SIAA co-champion
- Conference: Southern Intercollegiate Athletic Association
- Record: 8–0–1 (5–0 SIAA)
- Head coach: Dan McGugin (7th season);
- Offensive scheme: Short punt
- Captain: Bill Neely
- Home stadium: Dudley Field

= 1910 Vanderbilt Commodores football team =

American college football season

The 1910 Vanderbilt Commodores football team represented Vanderbilt University in the sport of American football during 1910 college football season. In Dan McGugin's 7th year as head coach, the Commodores as members of the Southern Intercollegiate Athletic Association (SIAA) compiled an 8–0–1 record (5–0 SIAA) and outscored their opponents 165 to 8, winning a conference championship.

The only blemish on Vanderbilt's record was a scoreless tie with defending national champion Yale, the first time Yale had been held scoreless at home, and the South's first great showing against an Eastern power. James Howell's computer rating system retroactively named Vanderbilt a national champion.

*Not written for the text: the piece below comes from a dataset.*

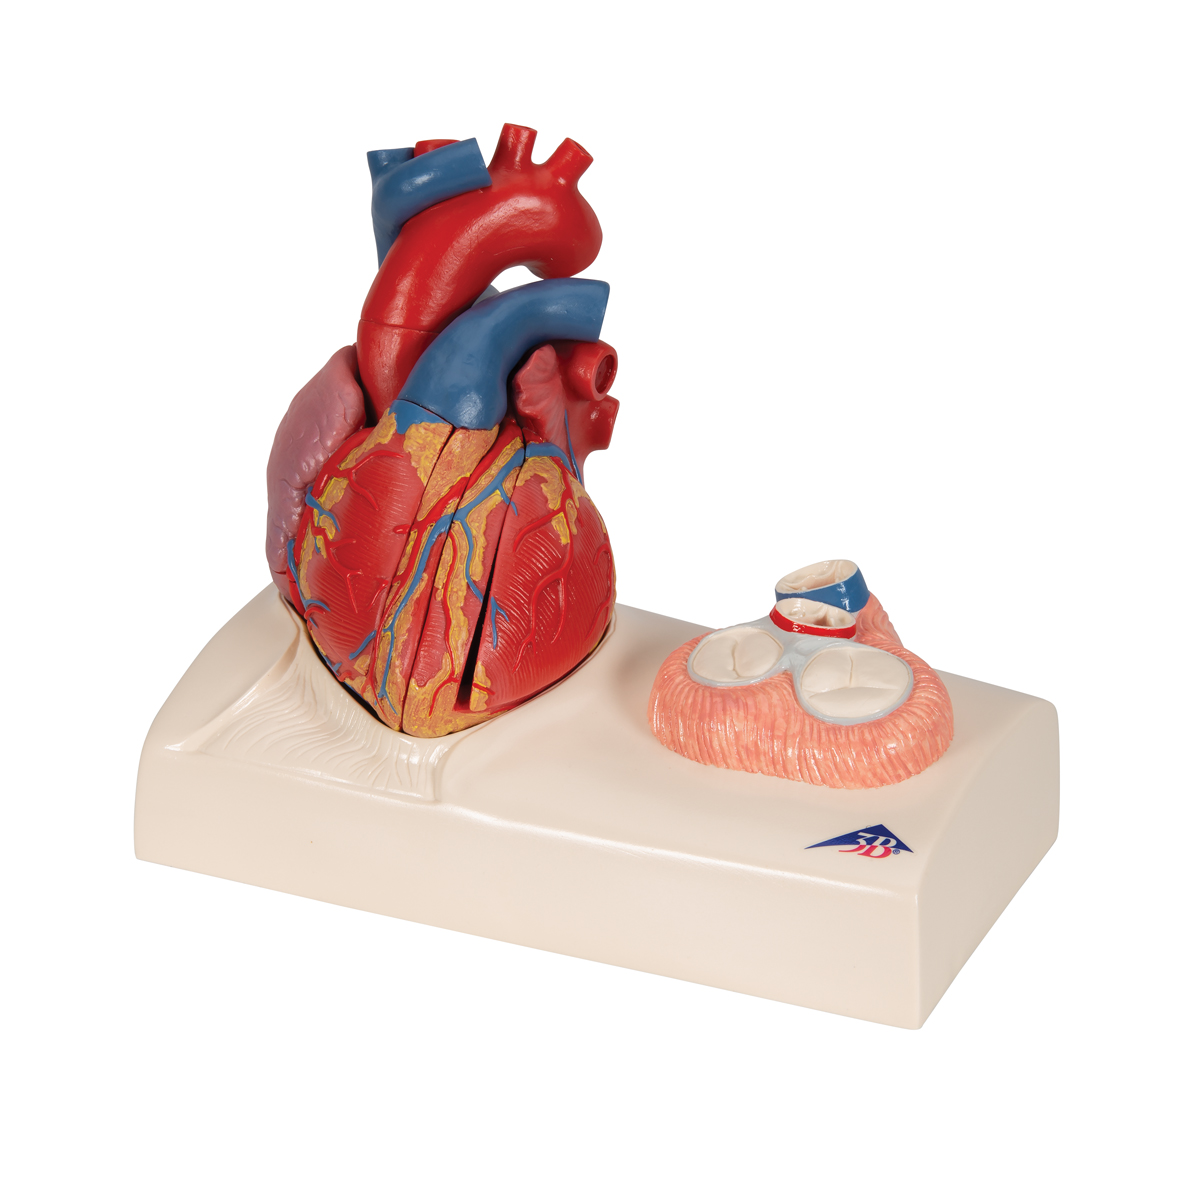 fém szív egészsége alternatív szívgyógyászati kezelések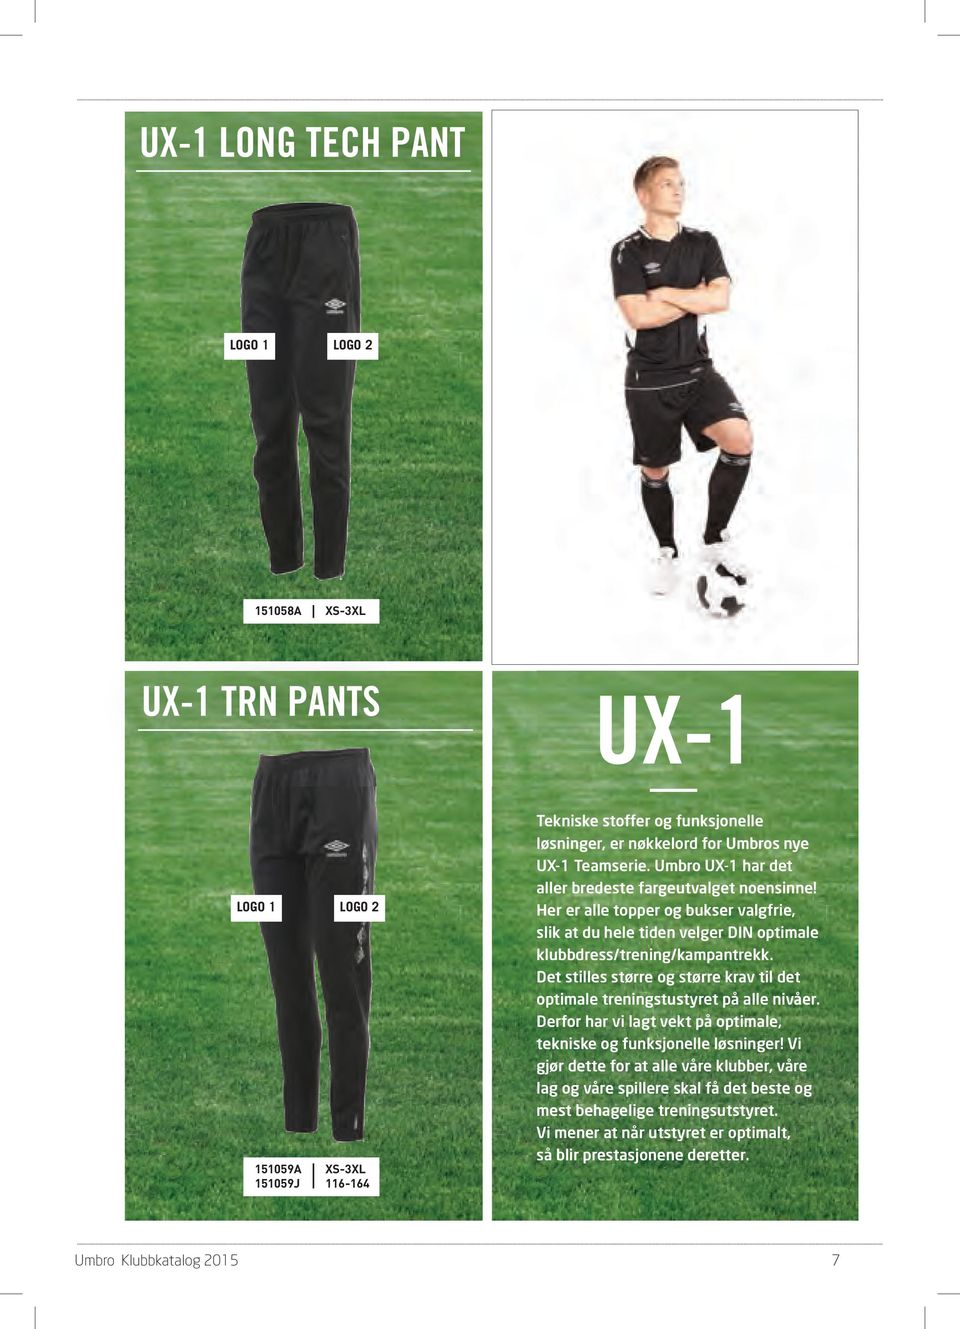 Her er alle topper og bukser valgfrie, slik at du hele tiden velger DIN optimale klubbdress/trening/kampantrekk.

The team was led by lineman Will Metzger, and piloted in the backfield by quarterback Ray Morrison. Metzger was selected third-team All-American by Walter Camp, the third player from the South ever to receive such and honor.

==Schedule==

| Date | Opponent | Site | Result | Attendance | Source |
| October 1 | Mooney School* | Dudley Field; Nashville, TN; | W 34–0 | 1,500 |  |
| October 8 | Rose Polytechnic* | Dudley Field; Nashville, TN; | W 23–0 | 3,500 |  |
| October 12 | Castle Heights* | Dudley Field; Nashville, TN; | W 14–0 |  |  |
| October 15 | Tennessee | Dudley Field; Nashville, TN (rivalry); | W 18–0 |  |  |
| October 22 | at Yale* | Yale Field; New Haven, CT; | T 0–0 |  |  |
| October 29 | Ole Miss | Dudley Field; Nashville, TN (rivalry); | W 9–2 |  |  |
| November 5 | LSU | Dudley Field; Nashville, TN; | W 22–0 |  |  |
| November 12 | at Georgia Tech | Tech Flats; Atlanta, GA (rivalry); | W 22–0 |  |  |
| November 24 | Sewanee | Dudley Field; Nashville, TN (rivalry); | W 23–6 | 10,000 |  |
*Non-conference game;

==Before the season==
Former Vanderbilt player Bob Blake received a law degree and returned to Vanderbilt for one season as an assistant for head coach Dan McGugin. The team's captain was Bill Neely, the older brother of Jess Neely. Newcomers on the line were the Brown brothers from Gallatin, guard Charles and tackle Tom.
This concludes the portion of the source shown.